Task →
For every line in the entries that contains "keeper", show the whole line.

** Opening Data for this exercise block **

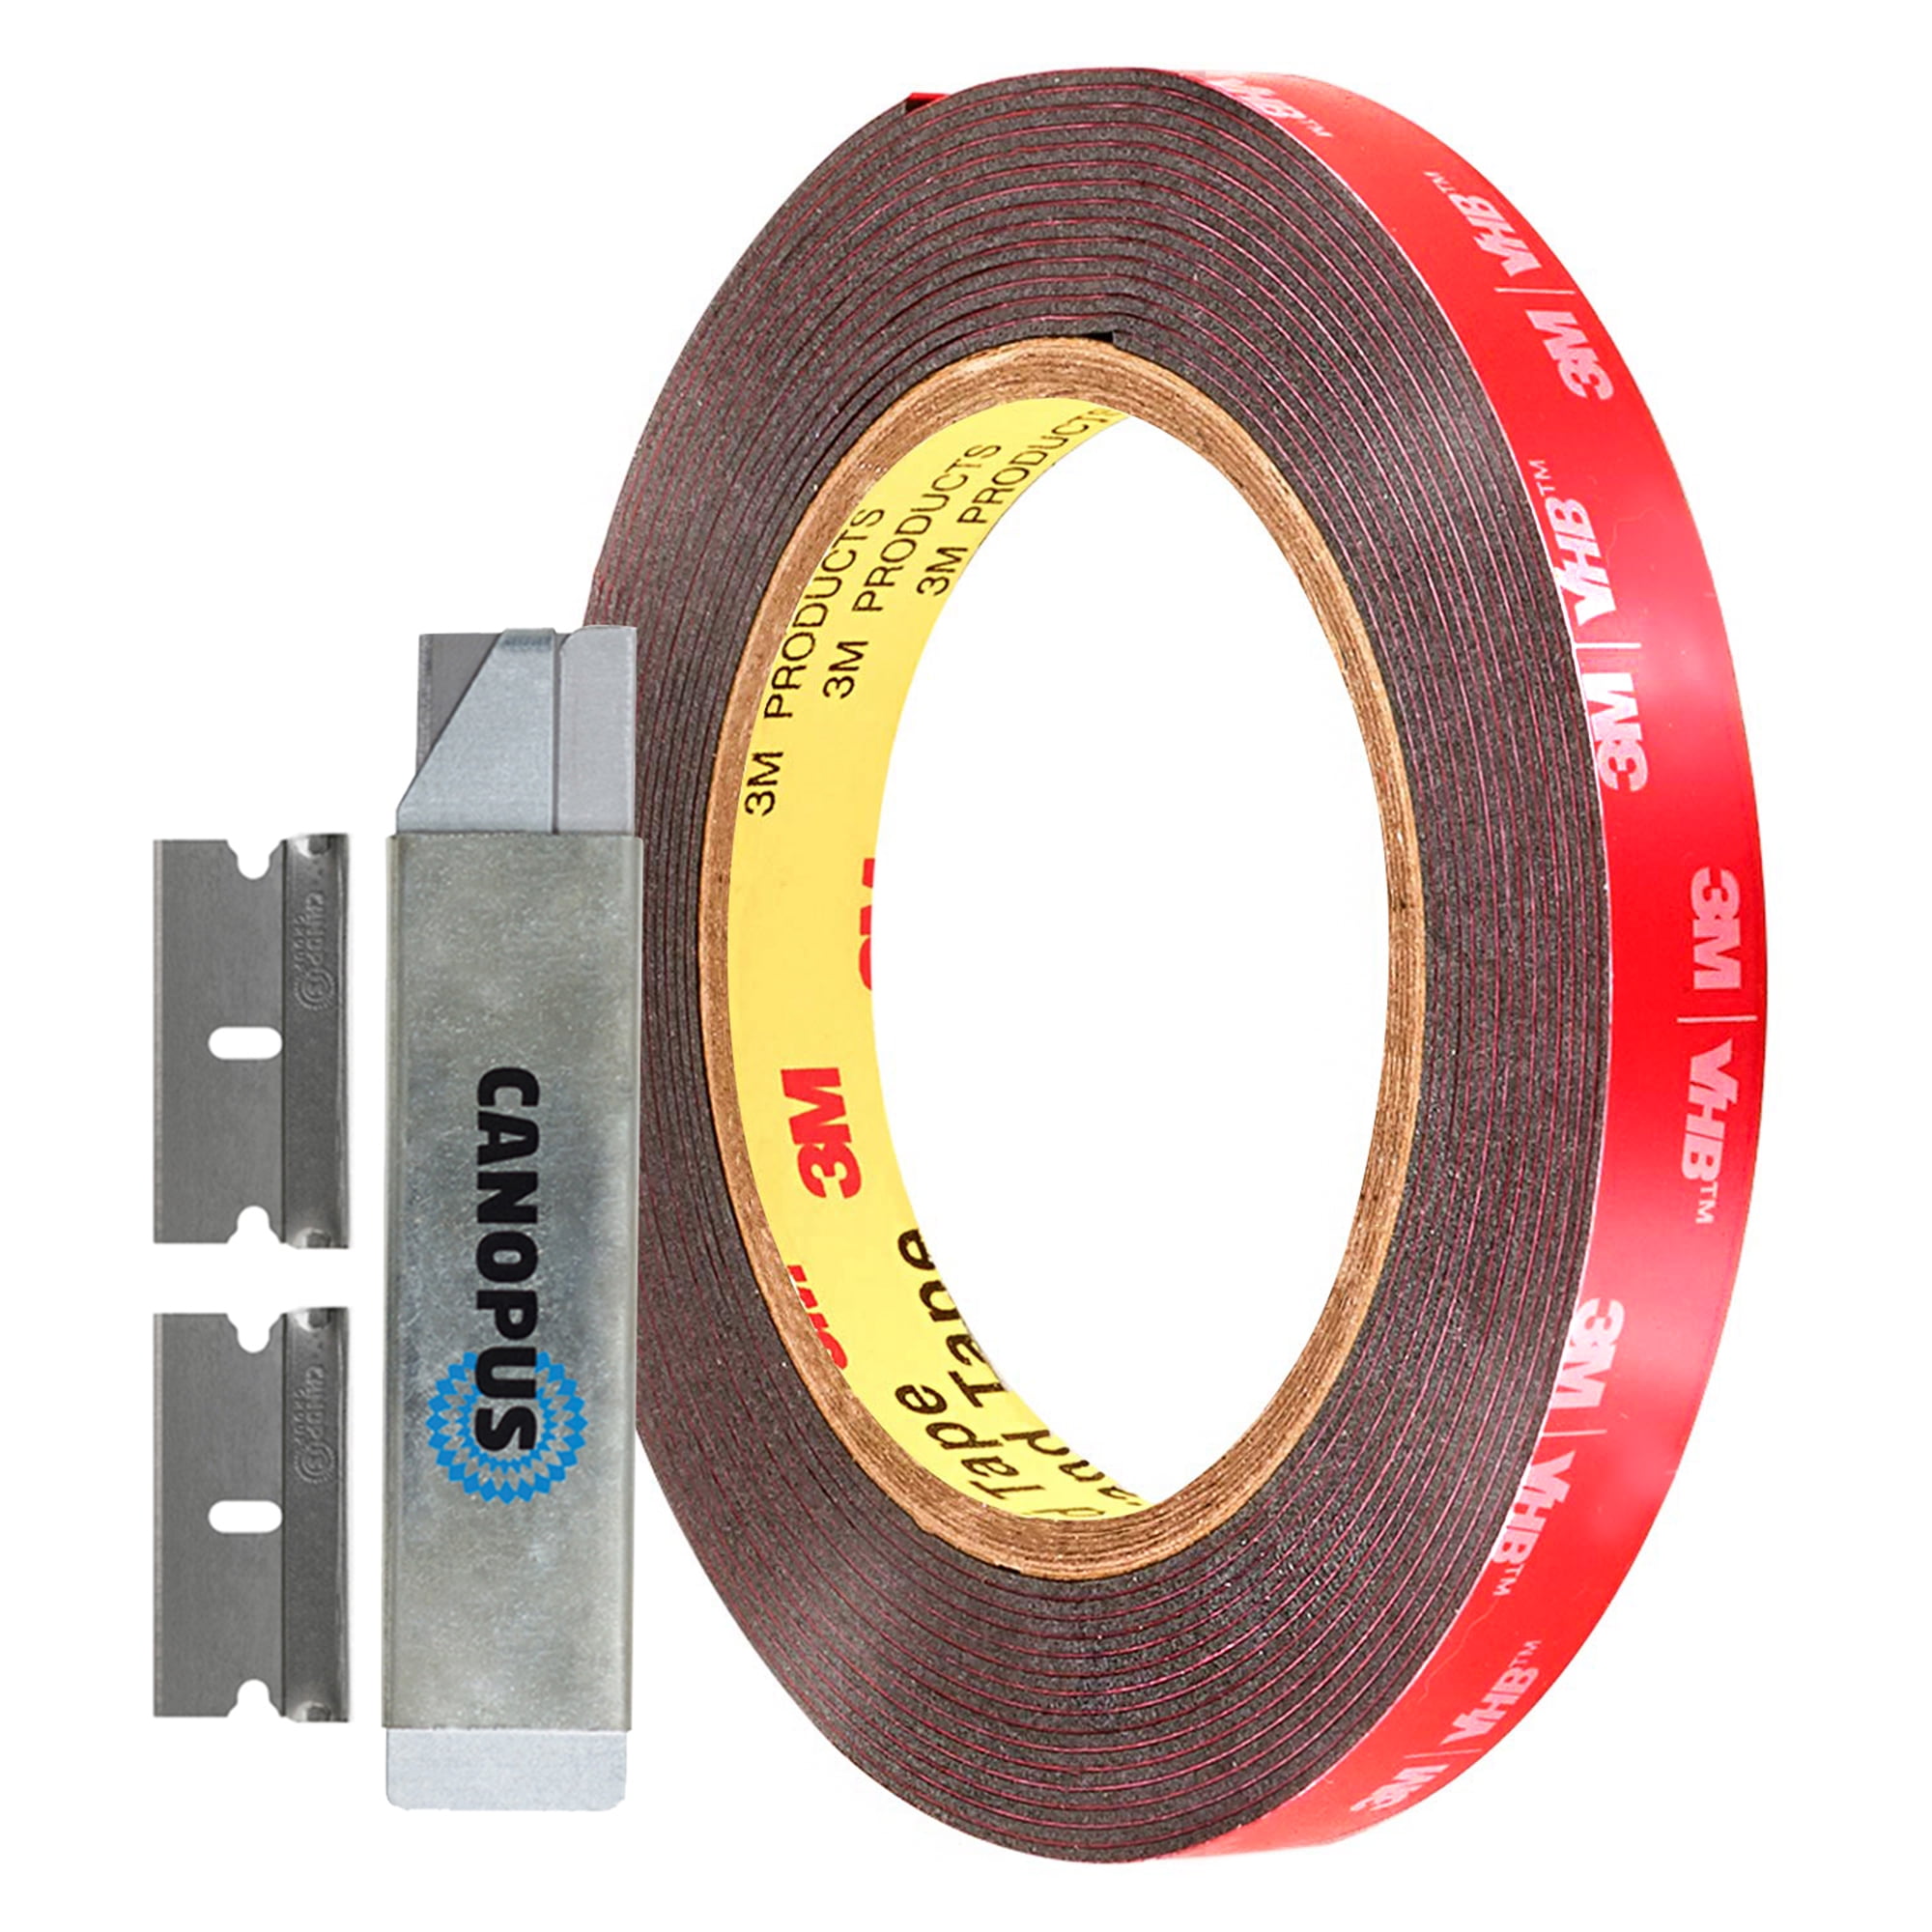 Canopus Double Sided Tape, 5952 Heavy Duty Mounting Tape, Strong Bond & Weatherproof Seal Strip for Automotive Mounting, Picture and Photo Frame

** Closing Data for this exercise block **
** Opening Data for this exercise block **

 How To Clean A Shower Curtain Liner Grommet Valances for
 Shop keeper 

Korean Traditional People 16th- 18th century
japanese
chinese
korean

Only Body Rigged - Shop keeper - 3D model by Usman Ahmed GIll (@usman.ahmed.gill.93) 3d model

** Closing Data for this exercise block **

Task response →
 Shop keeper 
Only Body Rigged - Shop keeper - 3D model by Usman Ahmed GIll (@usman.ahmed.gill.93) 3d model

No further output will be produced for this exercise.